Employers use many styles of questions when interviewing candidates. One of the most common is the behavioural question.
What are behavioural questions? Why are they important? How do you prepare for them?
This expert article tackles these and other topics, to help you be super ready when you walk in the door for that all-important interview.
What are behavioural questions?
As the name suggests, these questions are designed to assess your behaviours, more than your education or hard skills. They help employers paint a full picture of who you are.
Why are they important?
Employers use behavioural questions to test how you’ve performed in the past, which is often an indicator of how you’ll perform in future. They use them to form a view of your level of competency and how you work through problems and/or challenging situations. Employers also rely on behavioural questions to assess if you’re a great fit for the job, team and company culture.
What are examples of behavioural topics?
- Describe a time you faced a stressful situation and how you overcame it.
- Describe a situation when you had to think on your feet to make an important decision.
- Provide an example of when you motivated others and how this led to a positive outcome.
- Provide an example of a goal you set and how you reached it.
- Describe a situation where you knew your boss was wrong and how you handled it.
- Provide an example of when you had to go above normal duties to get a job done.
- Provide an example of a problem or conflict you had with a colleague and how you resolved it.?
- Describe a time when you weren’t performing at work and what you did about it.
- Detail a time when you didn’t meet a deadline and what you did about it.
- Discuss a setback you’ve faced in the last 12 months and how you overcame it.
How do I prepare to answer behavioural questions?
If you want to be a STAR at interview, you need to learn the ‘STAR interview method’.
STAR stands for:
- Situation—the challenge and the situation you found yourself in.
- Task—what you had to achieve.
- Action—the alternatives you considered and what you did.
- Results—the outcomes, what you achieved and what you learned.
Choose two or three scenarios and practice your answers. Remember to keep to the point and avoid rambling.
Discover how to approach behavioural questions using the STAR technique in this expert article, which also provides tips and an example to guide you.
How do I know what behavioural questions I’ll be asked?
It’s impossible to know for certain what behavioural questions you’ll be asked at interview, but by preparing and practising you should be able to respond to any question using the STAR method. If you’re asked a question and haven’t experienced the situation in the workplace, use a personal example.

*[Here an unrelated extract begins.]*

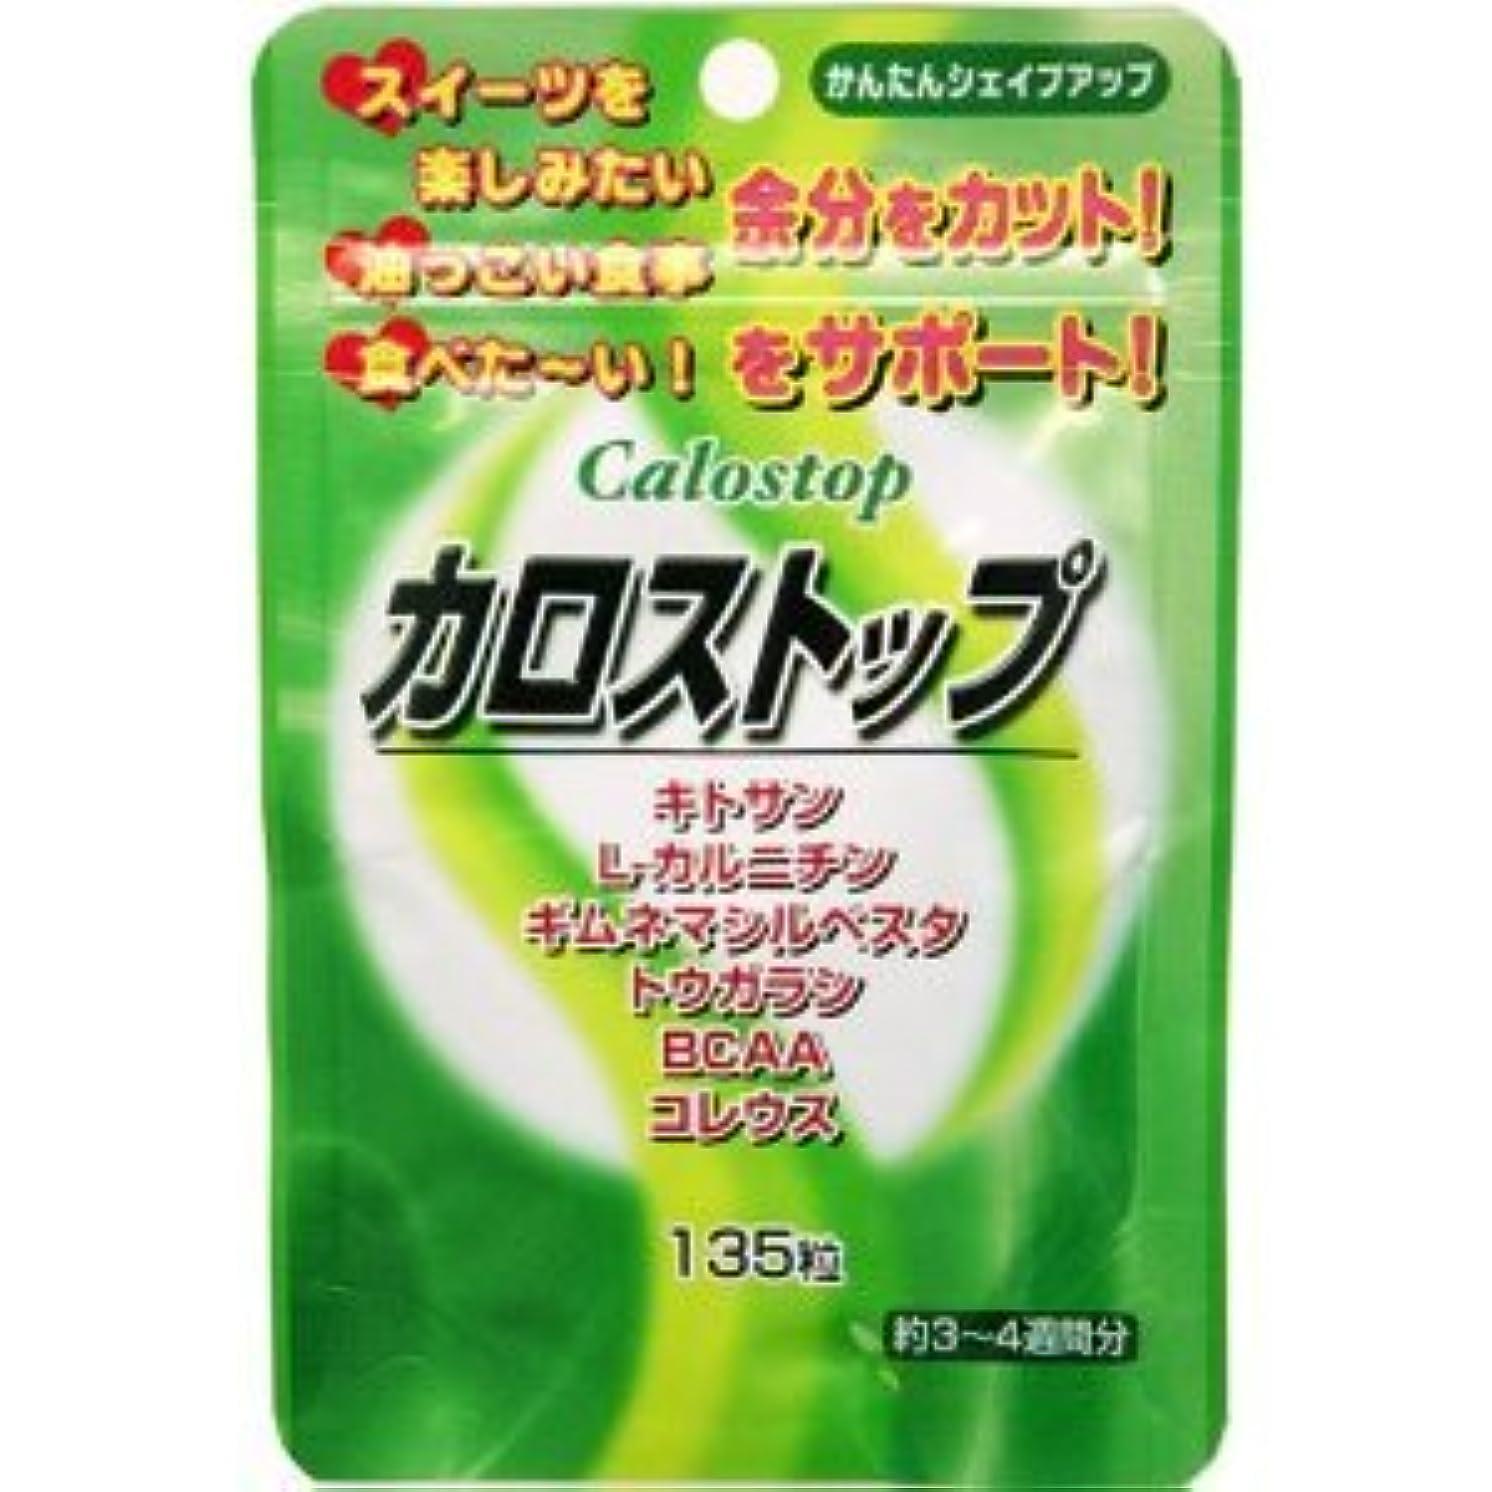 したい専らサージユウキ製薬(株) カロストップ6個セット

1. Researching what’s important
- Study the job description to scope what’s important.
- Research the company to determine the behavioural-type questions they’ll likely ask.
2. Developing a list of competencies, attributes and skills
- List what the company is looking for, including competencies like time management, leadership, attention to detail and/or creativity.
- If you’re working with a recruiter, ask them to help you pinpoint what the employer wants from the role.
3. Creating a list of your past experiences
- Choose at least three STAR stories you can use to illustrate past experiences.
- Be honest and don’t gloss over challenging situations.
What shouldn’t I say when responding to a behavioural question?
Avoid being negative about your current or previous employers or colleagues. Never blame others. So, for example, don’t say a project got behind schedule because your team members didn’t do their job. Instead, say something like, ‘For reasons beyond my control, I was faced with a project that was behind schedule. To solve the problem I did a, b and c.’